Kasus tragis Raya, bocah balita dari Sukabumi yang meninggal akibat infeksi cacing parasit dan gizi buruk, menjadi indikator nyata apakah kebijakan dan program pemerintah benar-benar menyentuh mereka yang paling rentan.
Beberapa isu strategis mulai dari penanganan kemiskinan ekstrem, kesehatan masyarakat, hingga koordinasi antar instansi dapat dijadikan parameter untuk mengevaluasi efektivitas birokrasi, konsistensi program, dan sejauh mana kepemimpinan daerah benar-benar berpihak pada rakyat.
Di sebuah kampung kecil di Sukabumi, Raya tumbuh dalam kesederhanaan yang pahit. Tubuh mungilnya tampak ringkih, namun senyum polosnya selalu hadir, menutupi kenyataan bahwa ia tengah berjuang melawan penyakit yang tidak terlihat mata.
Awalnya, keluarga mengira ia hanya “cacingan biasa”. Namun nyatanya, tubuhnya sudah diserang infeksi cacing parasit parah, diperparah oleh kondisi kurang gizi kronis. Infeksi itu telah menyebar ke seluruh tubuh, merusak organ-organ vital, hingga menyebabkan sepsis berat yang akhirnya merenggut nyawanya.

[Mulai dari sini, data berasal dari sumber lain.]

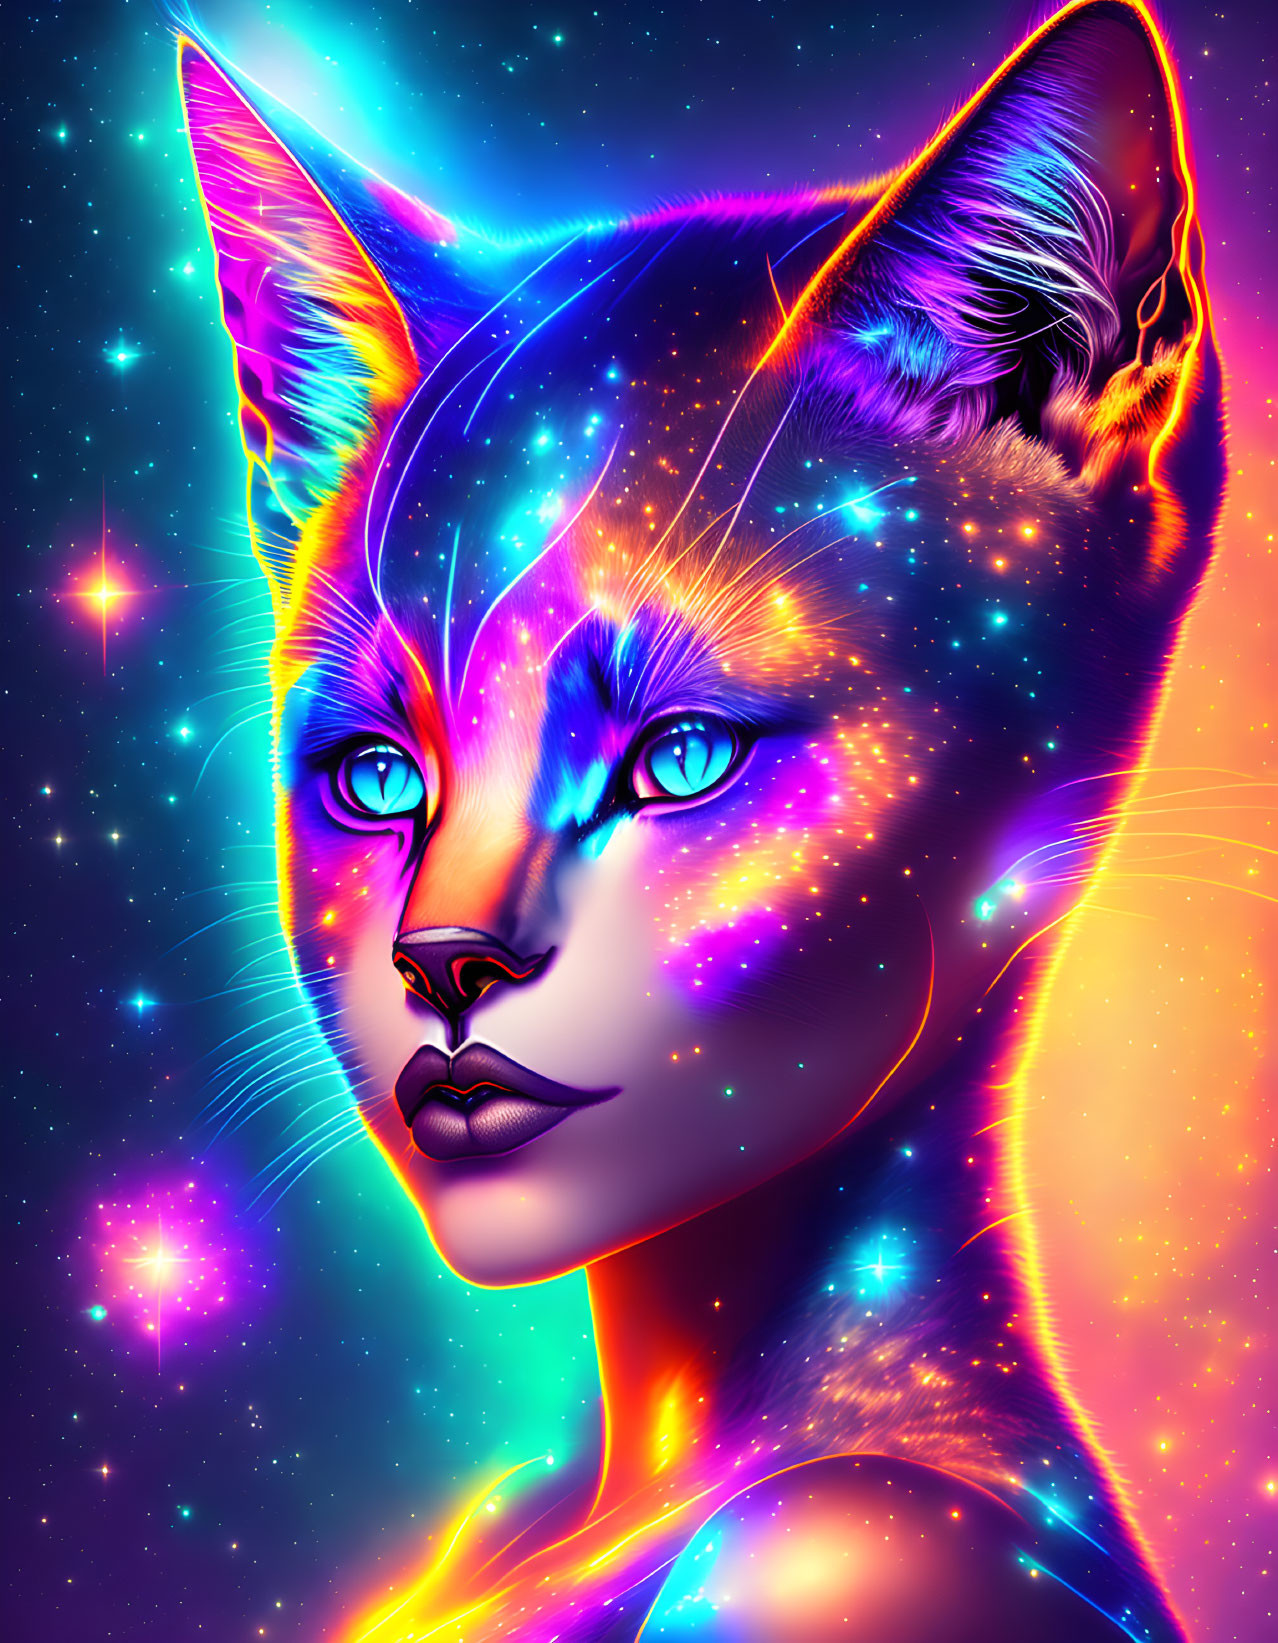 Digital artwork: Woman's face merges with cat in cosmic scene

Kematian Raya bukan sekadar angka statistik atau kasus medis, melainkan cermin kegagalan sistem perlindungan sosial Sukabumi. Ia menunjukkan bagaimana kemiskinan ekstrem, akses kesehatan yang terbatas, dan lemahnya deteksi dini menjadi racun bagi masa depan anak-anak di daerah ini.
Di tengah anggaran kesehatan yang besar dan janji kesejahteraan yang digaungkan, tragedi ini seharusnya bisa dicegah jika birokrasi dan kepemimpinan benar-benar berpihak pada rakyat, hampir satu tahun pemerintahan ini belum menyentuh inti persoalan sosial masyarakat.
Tragedi meninggalnya Raya seharusnya menjadi tamparan keras bagi pemerintah daerah. Itu bukan sekadar kemiskinan ekstrem, tapi potret nyata gagalnya sistem perlindungan sosial.
Arah kebijakan pembangunan selama hampir satu tahun terakhir masih berpusat pada proyek fisik dan seremoni politik, bukan pada kesejahteraan warga. Pemerintah boleh berbangga dengan pembangunan jalan dan peresmian proyek, tapi kalau rakyat masih hidup dalam kesusahan, apa arti semua itu?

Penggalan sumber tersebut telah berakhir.